__Task to complete__. Your answer should be the exact lines of the data below from the one containing "Tovala Smart Oven" through the one containing "Sink Unit - 2"; please include nothing else.

--- Available data Enclosed Below ---

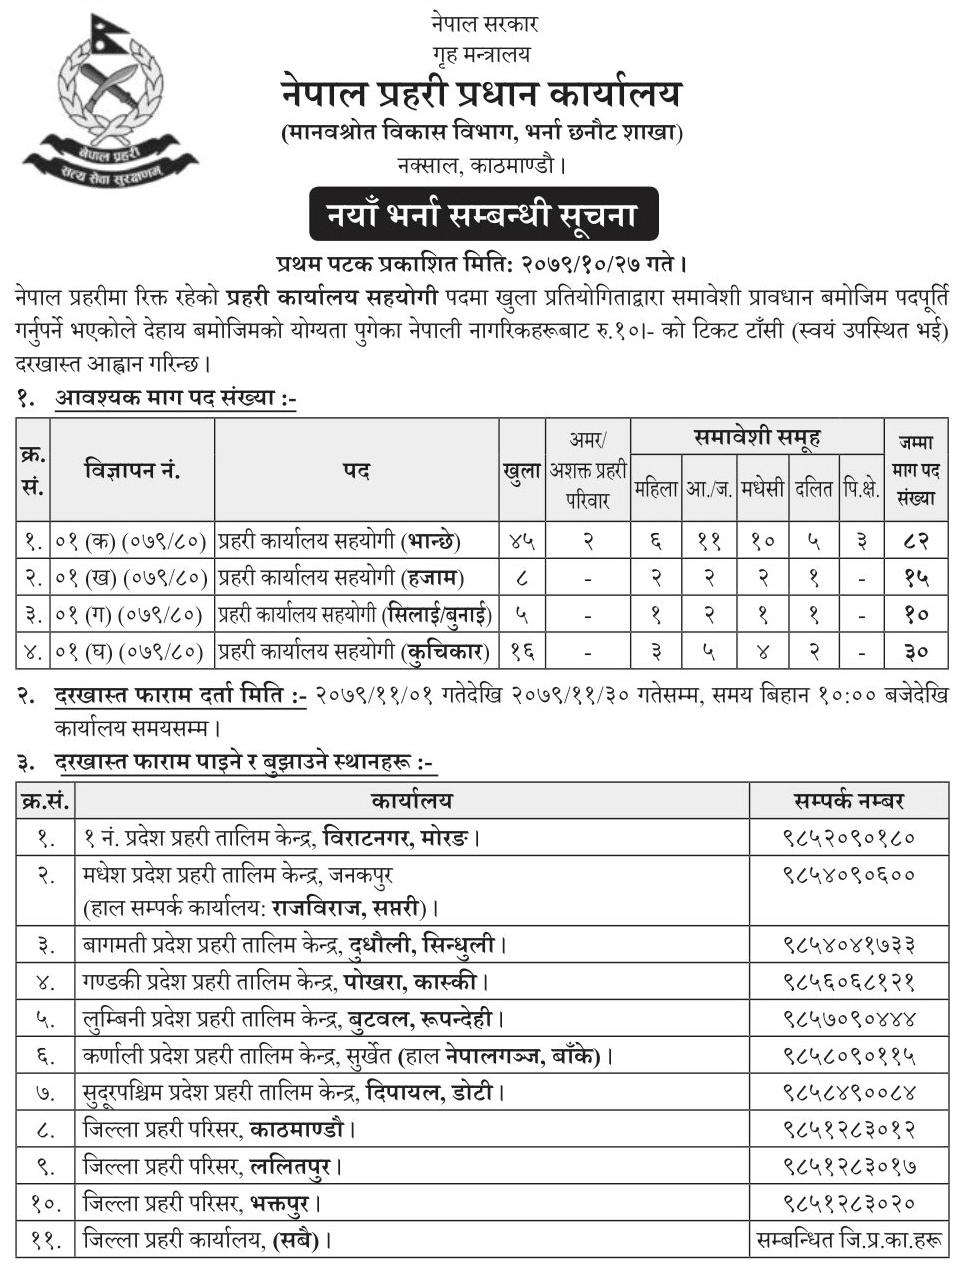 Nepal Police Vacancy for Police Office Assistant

--- End of Enclosed Available data ---
--- Available data Enclosed Below ---

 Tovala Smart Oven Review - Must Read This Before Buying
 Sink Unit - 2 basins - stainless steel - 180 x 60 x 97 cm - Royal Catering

--- End of Enclosed Available data ---
--- Available data Enclosed Below ---

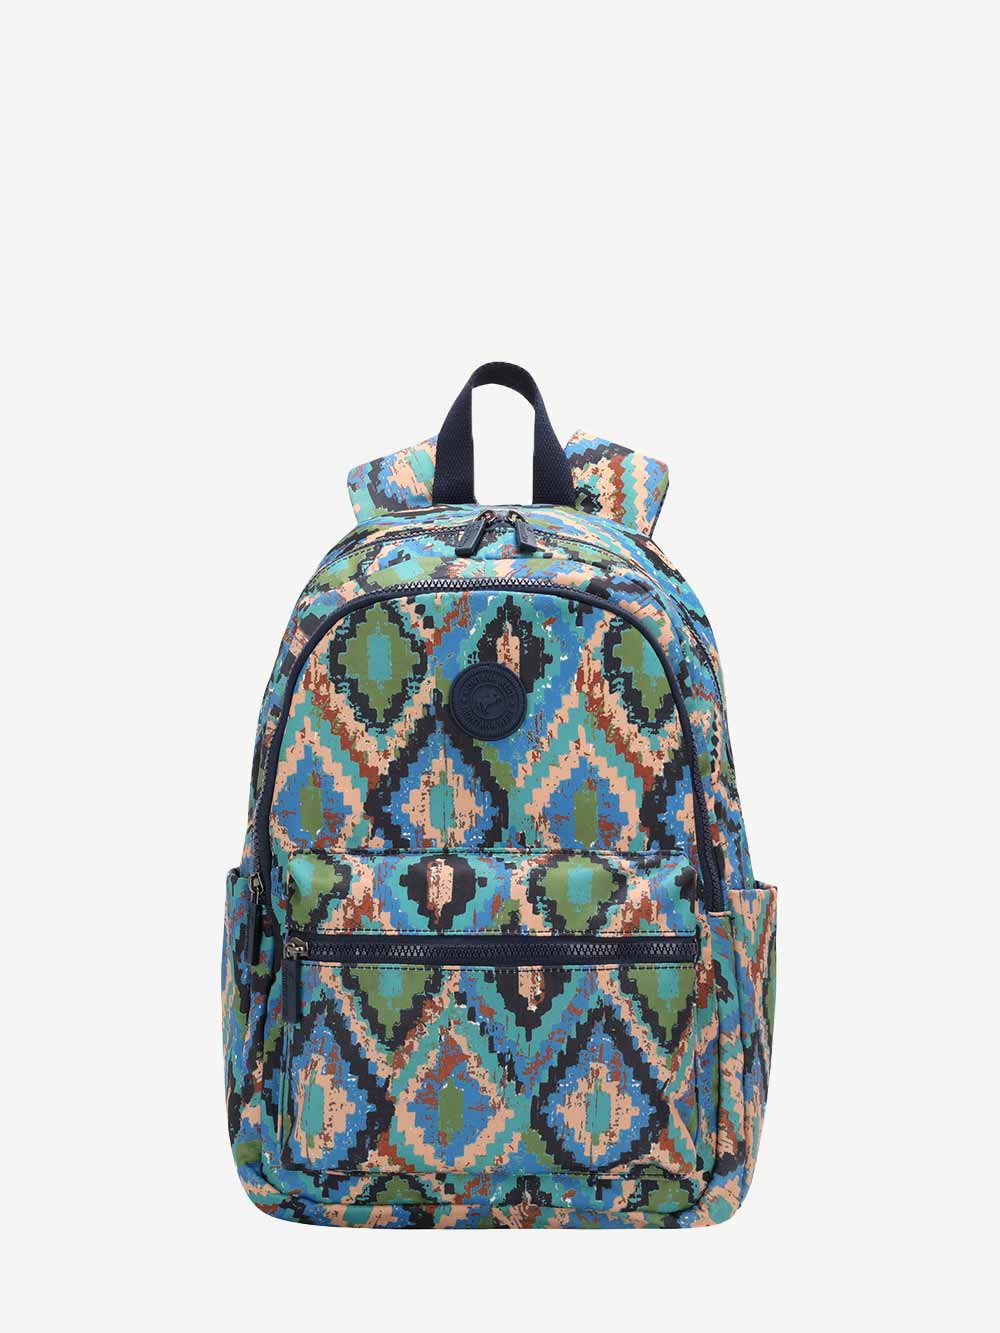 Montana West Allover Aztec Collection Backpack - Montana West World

--- End of Enclosed Available data ---

__Answer to the problem__.
 Tovala Smart Oven Review - Must Read This Before Buying
 Sink Unit - 2 basins - stainless steel - 180 x 60 x 97 cm - Royal Catering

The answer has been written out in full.